Узкий путь
Шрифт:
Прежде всего вопрос: сколько? За сколько можно откупиться от них?
– Я тебя больше не интересую?
– донесся до него мягкий и печальный голос Ксении, женщина, ради которой он бросил семью и загубил карьеру, сетовала над его вероломством, выдвигая свою версию: он, дескать, поманил ее, а когда она разохотилась, хочет ее покинуть.
– Что происходит? Ты совсем не чувствуешь обстановки и атмосферы... не хочешь побыть со мной?
– Сколько?
– Один раз, - строго очертила Ксения перспективу.

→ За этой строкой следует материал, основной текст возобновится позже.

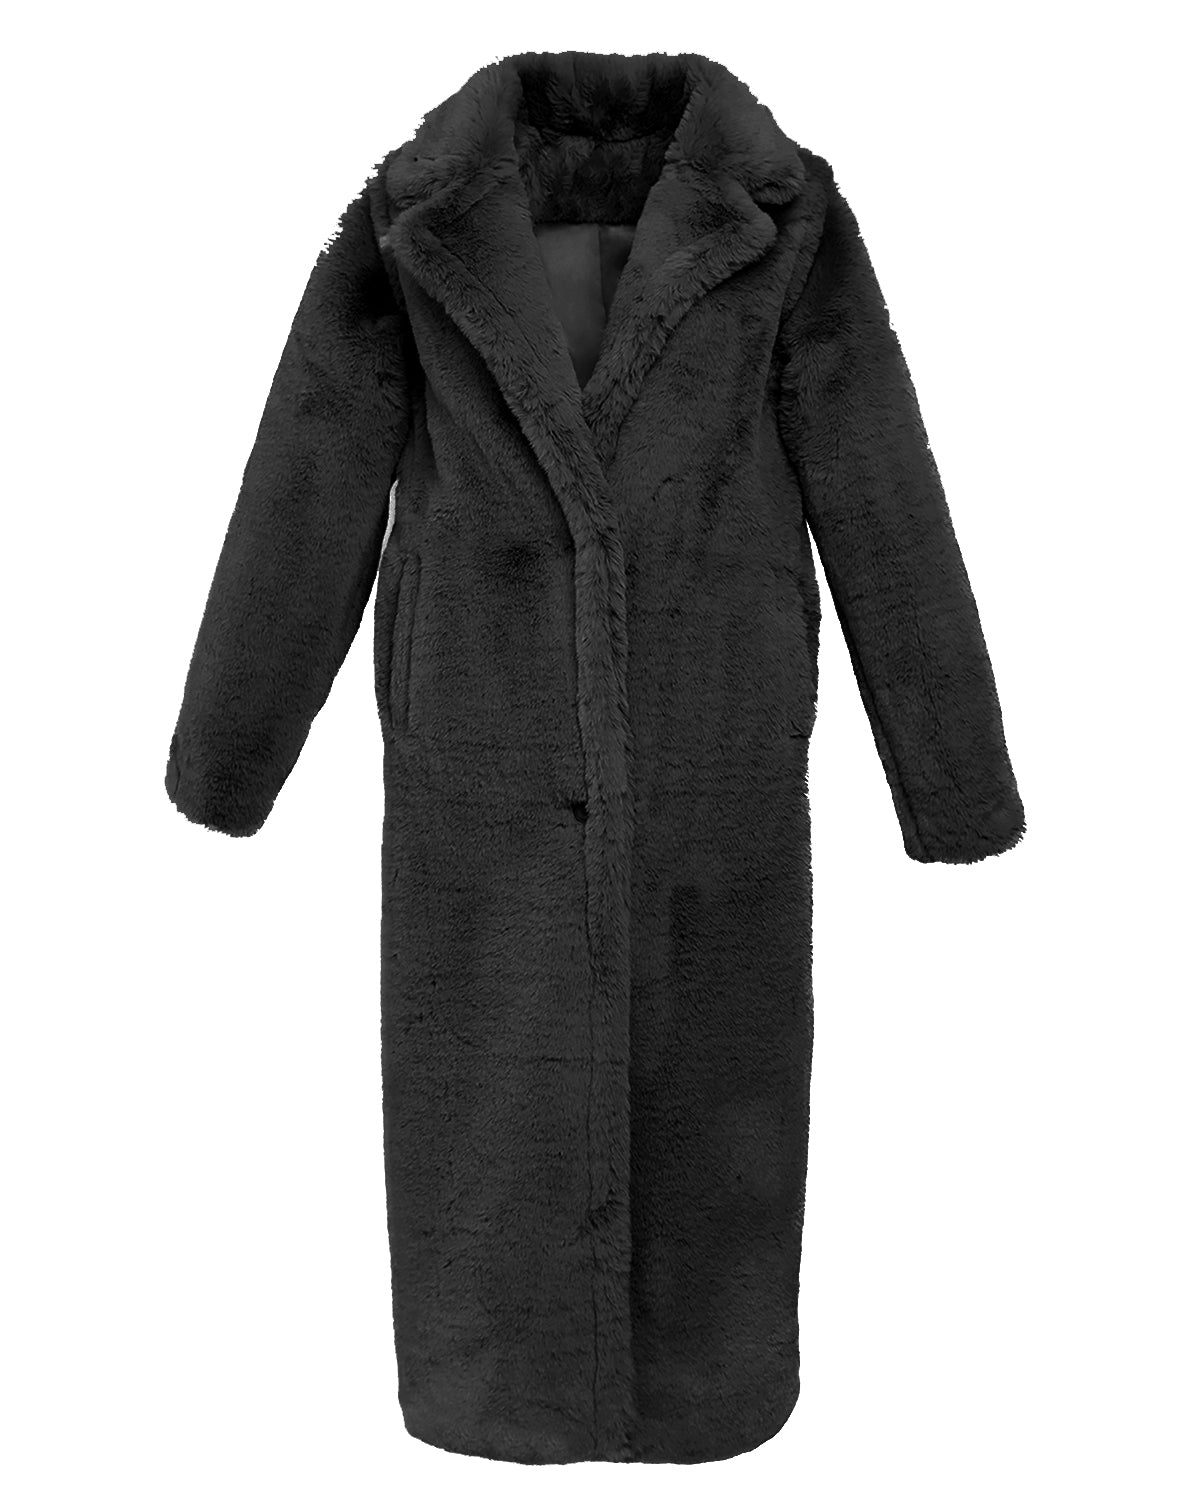 Long Black Teddy Coat

Сироткин судорожно стер пот со лба. Цифра, которую она назвала, не разрешила его недоумений. Нужно что-то изменить в происходящем, нажать на другие рычаги... Нужно бы усугубить сомнения, человек, переставший сомневаться, не человек,
Сироткин снял с носа устраивающегося попить его крови комара. И он уже прозрел, если можно назвать прозрением безумную горячку, в которую его швырнула внезапная и безоглядная вера в чистоту и невиновность Ксении. Все остается по-прежнему. И как бы это могло статься, чтобы он не хотел побыть с нею? Когда он несколько минут назад полагал, что кровь бросилась ему в голову, он просто не знал, что это такое, поскольку лишь теперь она действительно бросилась. Ксения любит его, вот и вся разгадка, а он вообразил Бог знает что, он обвинил ее в сговоре с мужем! Неужели он успел вслух высказать свои подозрения? Никогда, никогда он не простит себе этого... Конечно, их пути, скорее всего, отныне разойдутся, ибо правда и истина дороже, ибо походная труба зовет его, но что-то важное так и не состоится в его жизни, если он сейчас не побудет с нею, нежно улыбающейся ему посреди милой, ласкающей природы. Но как же он обманулся на ее счет! Да что другое означают эти постоянные смены обстановок, эта замена городских улиц и квартир, где их вечно преследовали опасности и невзгоды, просторным и умеющим хранить тайны лесом, а теперь и временного их пристанища, где, как-никак, не сбросишь со счетов скучного и высокомерного Конюхова, поляной, если не осуществление ее воли к уединению с ним?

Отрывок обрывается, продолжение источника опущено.